Problem requirements → Set down the lines below, exactly, starting at the one that contains "Spain vs Catalonia, Catalonia" and stopping at the last line, inclusive. Omit pictures.

───── Data provided

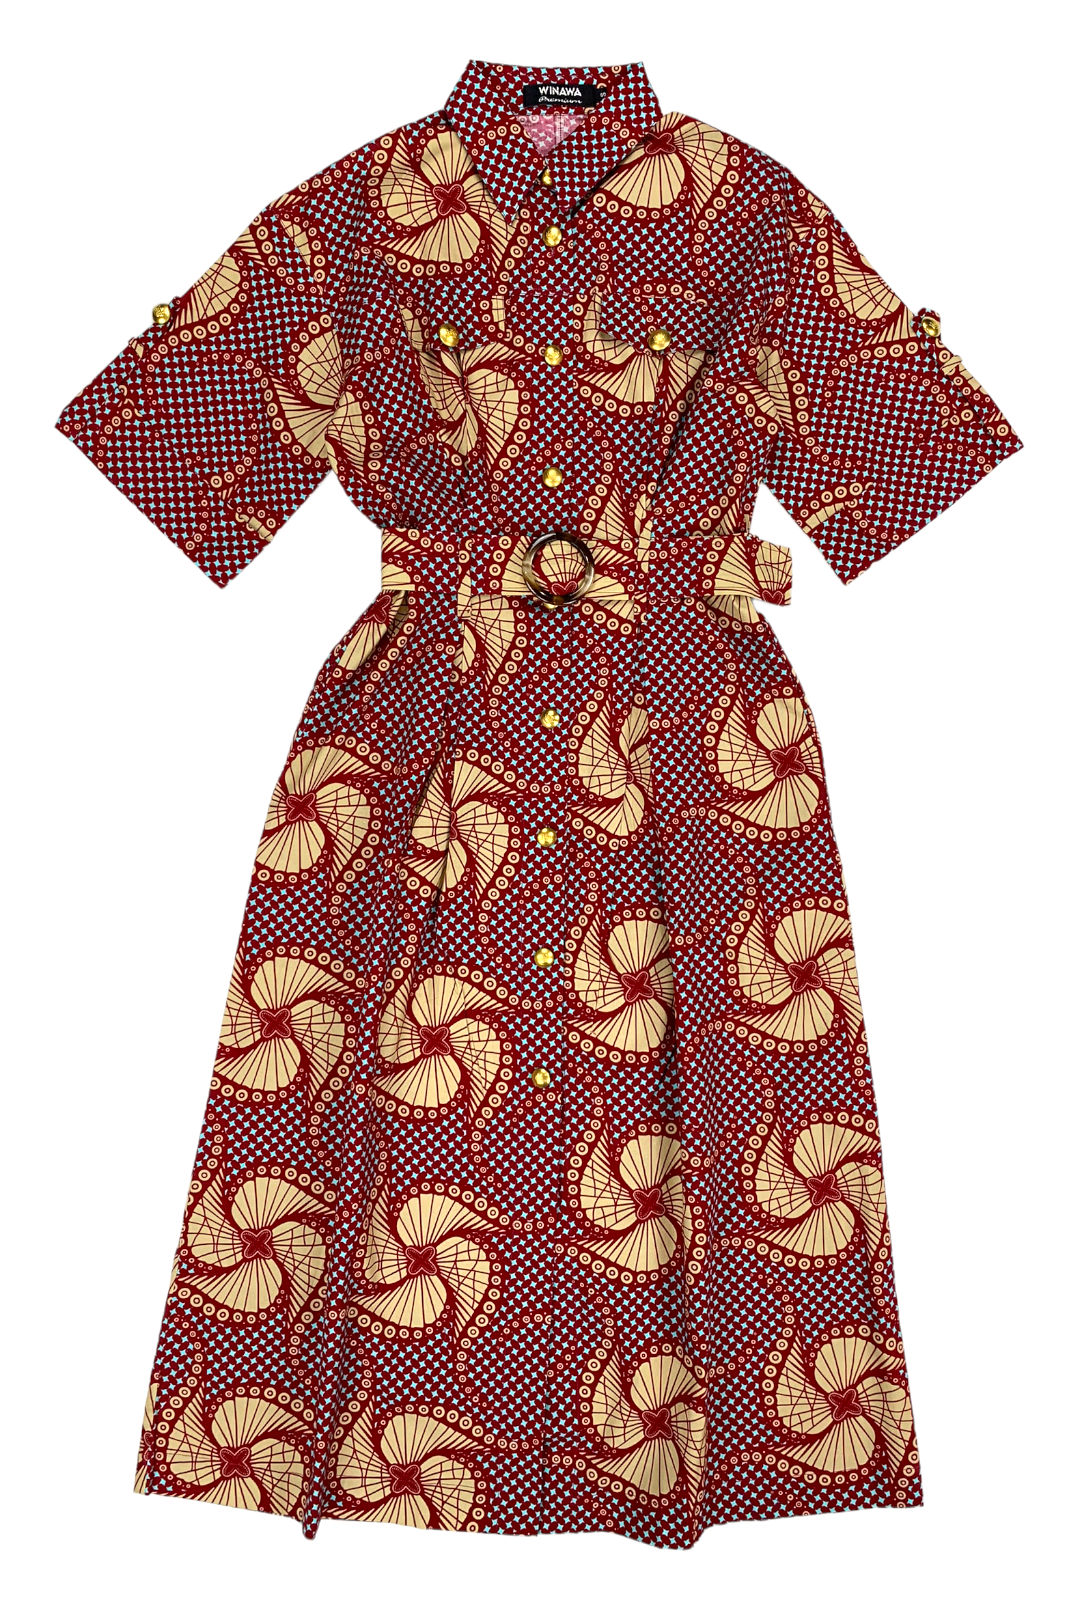 AFRICAN DRESS SHIRT
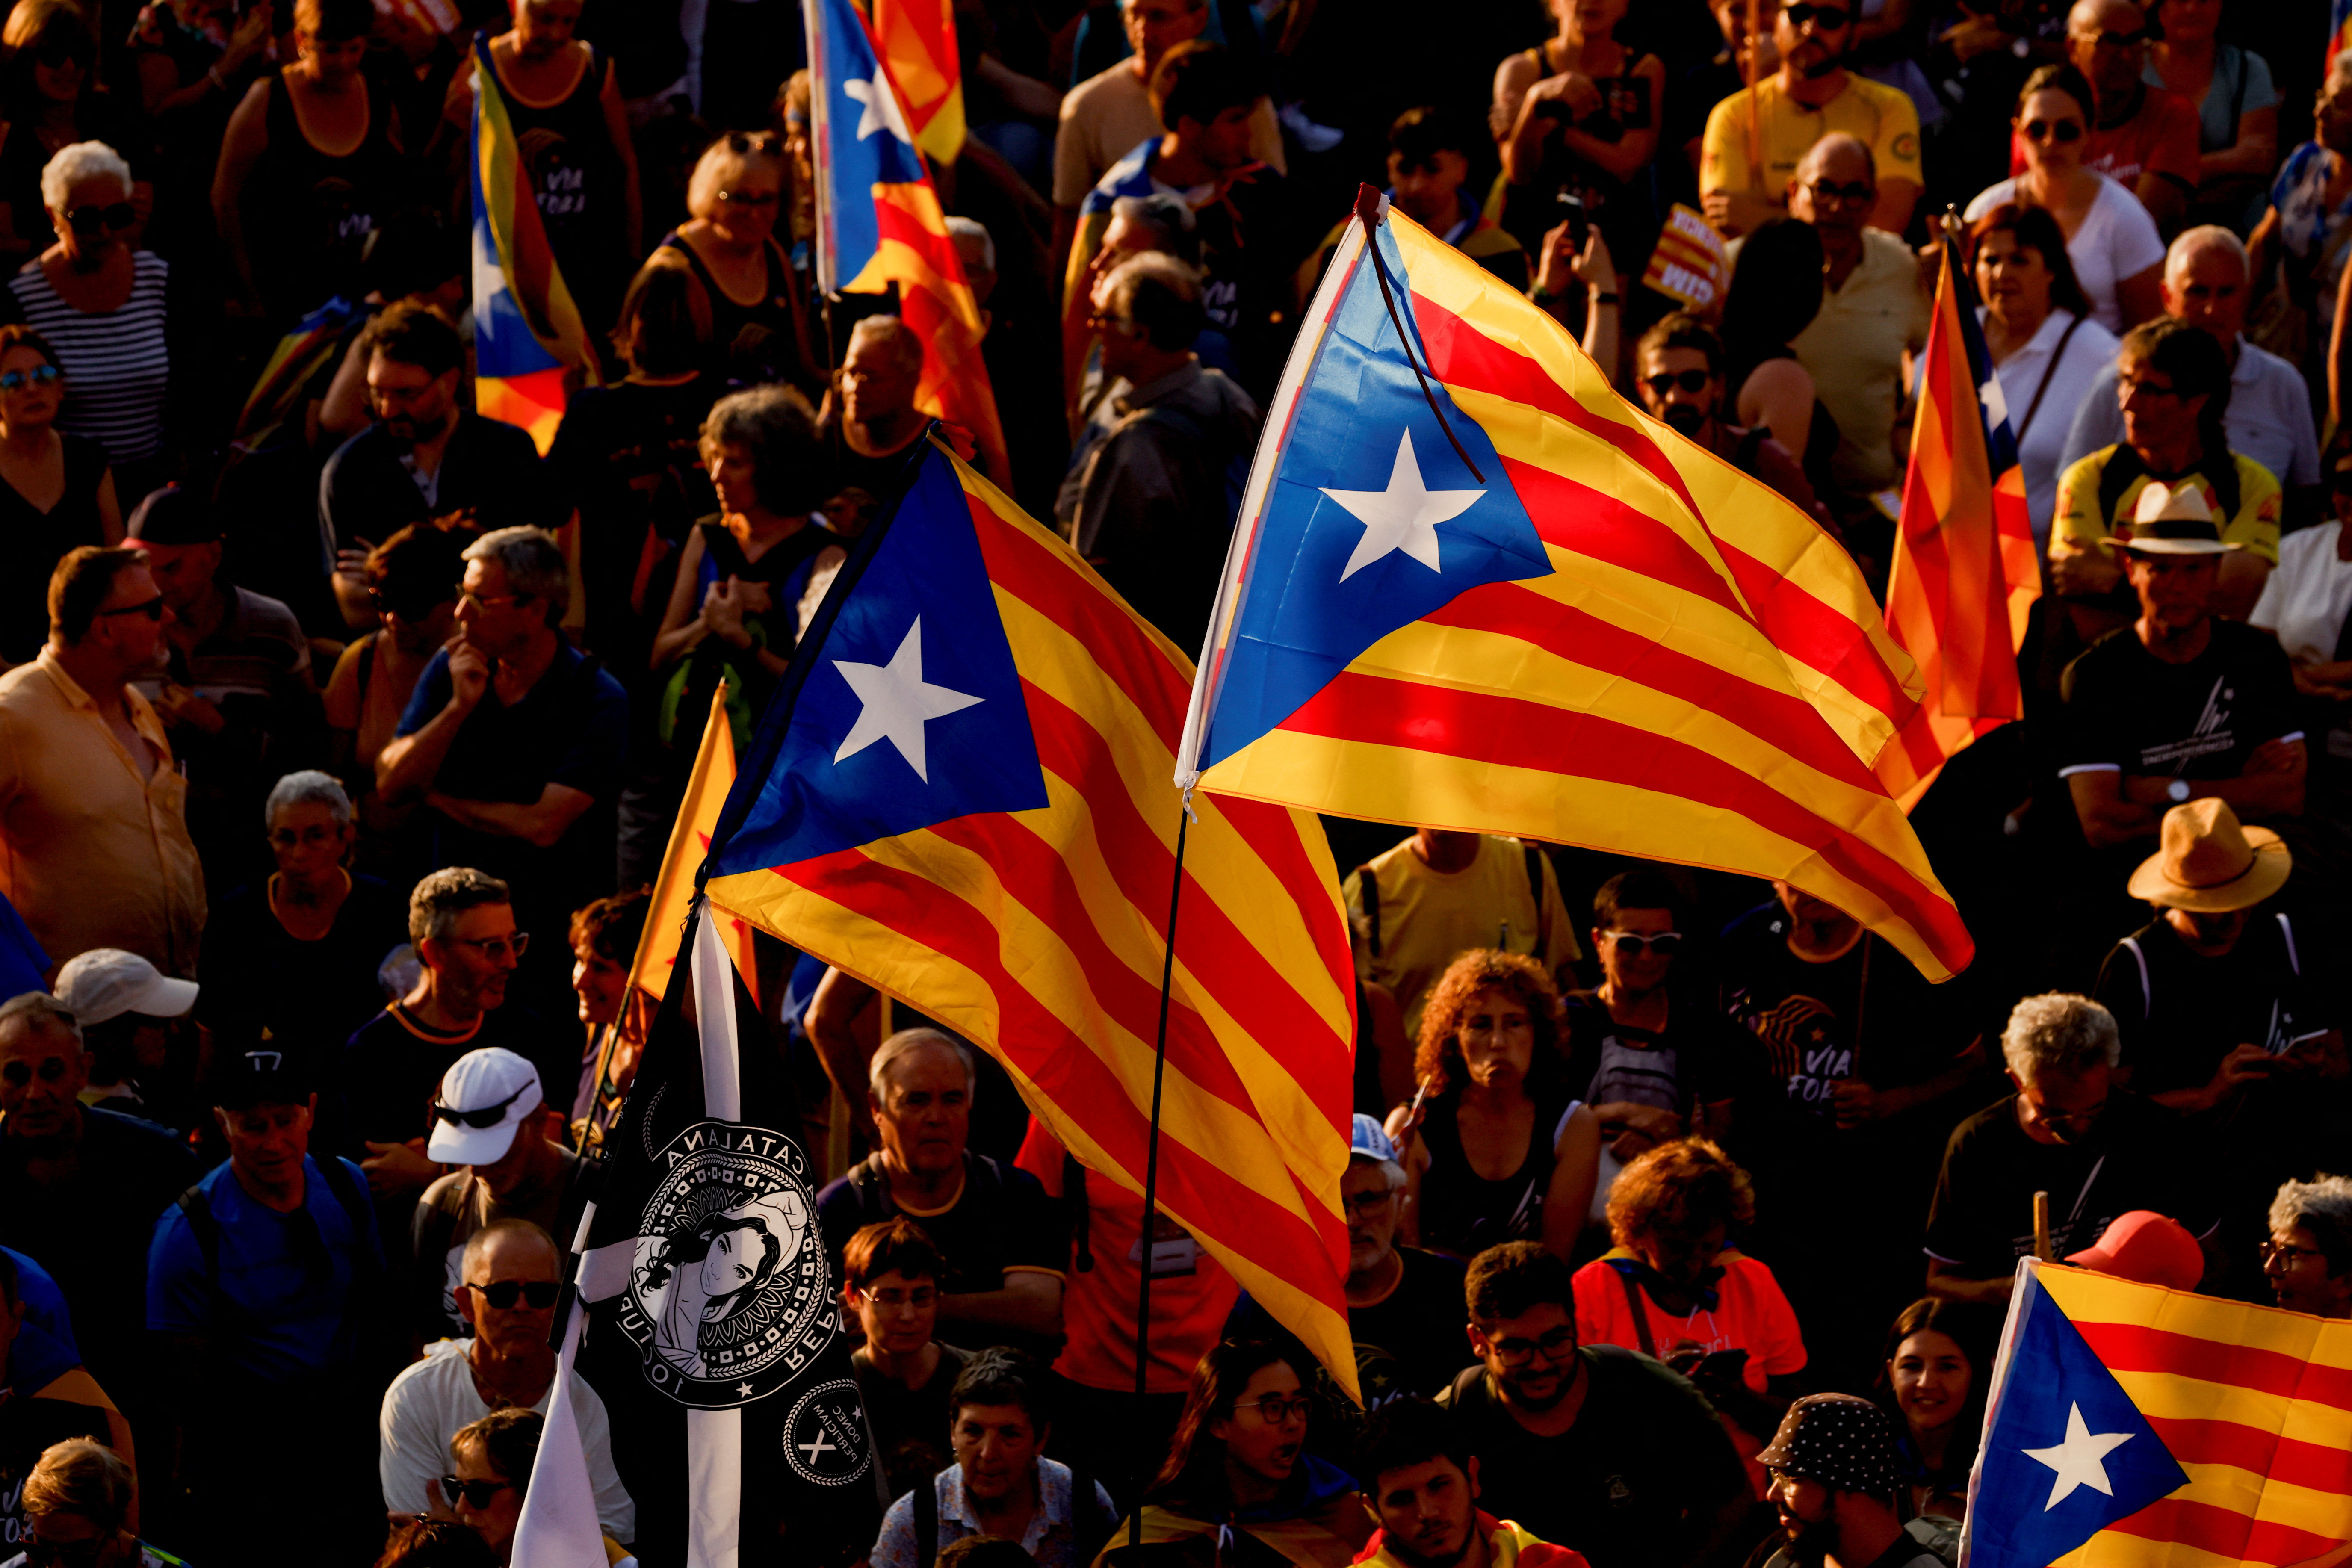 Spain vs Catalonia, Catalonia vs Spain, Spain, Catalonia, Comparison
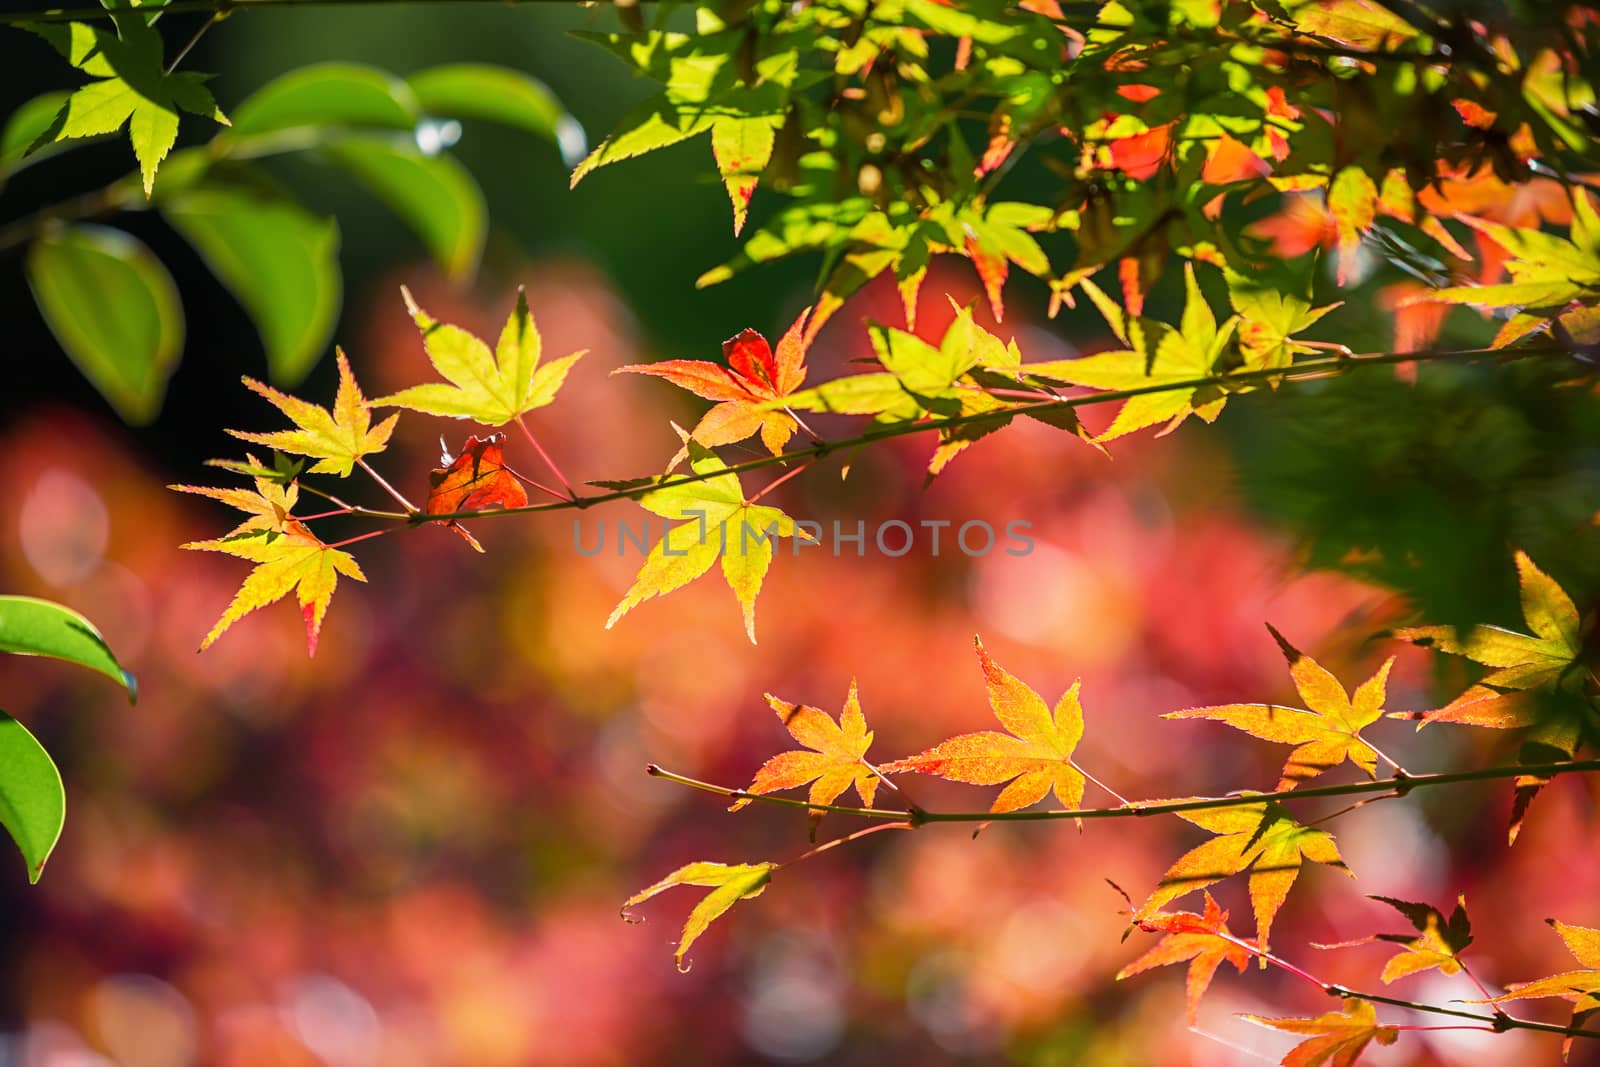 Colorful japanese maple (Acer palmatum) leaves during momiji season at Kinkakuji garden, Kyoto, Japan

──────────

Reply →
 Spain vs Catalonia, Catalonia vs Spain, Spain, Catalonia, Comparison
 Colorful japanese maple (Acer palmatum) leaves during momiji season at Kinkakuji garden, Kyoto, Japan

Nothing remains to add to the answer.